Multiple Instruction, Multiple Data (MIMD)

A type of parallel laptop Multiple Instruction: Every processor may be executing a unique instruction movement Multiple Data: Every processor may be operating with a unique data move Execution may also be synchronous or asynchronous, deterministic or non-deterministic Currently, the most typical type of parallel laptop - most current supercomputers fall into this class. Examples: most present supercomputers, networked parallel computer clusters and "grids", multi-processor SMP computers, multi-core PCs. Note many MIMD architectures additionally include SIMD execution sub-components Some General Parallel Terminology Like the whole thing else, parallel computing has its own "jargon". Some of the more regularly used terms related to parallel computing are listed underneath. Most of those can be mentioned in additional detail later. Supercomputing / High Performance Computing (HPC)

Using the world's quickest and biggest computers to resolve large problems.

Node

A standalone "computer in a box". Usually comprised of more than one CPUs/processors/cores, memory, network interfaces, and many others. Nodes are networked in combination to include a supercomputer.

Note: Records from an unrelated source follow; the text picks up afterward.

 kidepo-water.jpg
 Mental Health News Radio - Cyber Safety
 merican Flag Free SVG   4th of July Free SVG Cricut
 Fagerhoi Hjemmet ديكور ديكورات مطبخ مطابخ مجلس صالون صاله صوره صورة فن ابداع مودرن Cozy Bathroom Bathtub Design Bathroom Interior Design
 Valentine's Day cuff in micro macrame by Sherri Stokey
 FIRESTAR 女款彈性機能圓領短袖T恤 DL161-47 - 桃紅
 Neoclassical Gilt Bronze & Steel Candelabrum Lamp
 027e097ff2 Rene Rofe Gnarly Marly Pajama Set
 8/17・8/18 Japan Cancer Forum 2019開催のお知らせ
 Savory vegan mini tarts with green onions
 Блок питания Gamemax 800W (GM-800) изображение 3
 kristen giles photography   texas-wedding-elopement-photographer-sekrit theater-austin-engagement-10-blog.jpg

CPU / Socket / Processor / Core

This varies, relying upon who you communicate to. In the previous, a CPU (Central Processing Unit) used to be a novel execution component for a pc. Then, more than one CPUs had been included right into a node. Then, person CPUs had been subdivided into multiple "cores", each and every being a singular execution unit. CPUs with more than one cores are also known as "sockets" - seller dependent. The result's a node with a couple of CPUs, every containing more than one cores. The nomenclature is perplexed every now and then. Wonder why?

Task

A logically discrete segment of computational work. A job is typically a program or program-like set of directions this is achieved by way of a processor. A parallel program is composed of a couple of tasks operating on a couple of processors.

Pipelining

Breaking a job into steps carried out via different processor units, with inputs streaming via, just like an meeting line; a sort of parallel computing.

Shared Memory

From a strictly hardware point of view, describes a pc structure where all processors have direct (usually bus based) get admission to to not unusual physical memory. In a programming sense, it describes a fashion the place parallel tasks all have the same "picture" of memory and can at once address and get entry to the similar logical memory locations regardless of the place the bodily memory actually exists.

Symmetric Multi-Processor (SMP)

Shared memory hardware architecture the place multiple processors proportion a single cope with house and have equivalent get right of entry to to all assets.

Distributed Memory

In hardware, refers to community based memory access for bodily memory that is not commonplace. As a programming type, duties can best logically "see" local machine memory and must use communications to get entry to memory on different machines where different duties are executing.

Communications

Parallel duties typically want to exchange data. There are several ways this may also be accomplished, such as thru a shared memory bus or over a network, alternatively the true tournament of data change is frequently known as communications regardless of the method hired.

Synchronization

The coordination of parallel tasks in actual time, very continuously related to communications. Often implemented by setting up a synchronization level inside of an utility the place a job would possibly not continue additional till any other project(s) reaches the similar or logically an identical level.

Synchronization in most cases comes to ready through a minimum of one assignment, and will due to this fact motive a parallel application's wall clock execution time to extend.

Granularity

In parallel computing, granularity is a qualitative measure of the ratio of computation to verbal exchange.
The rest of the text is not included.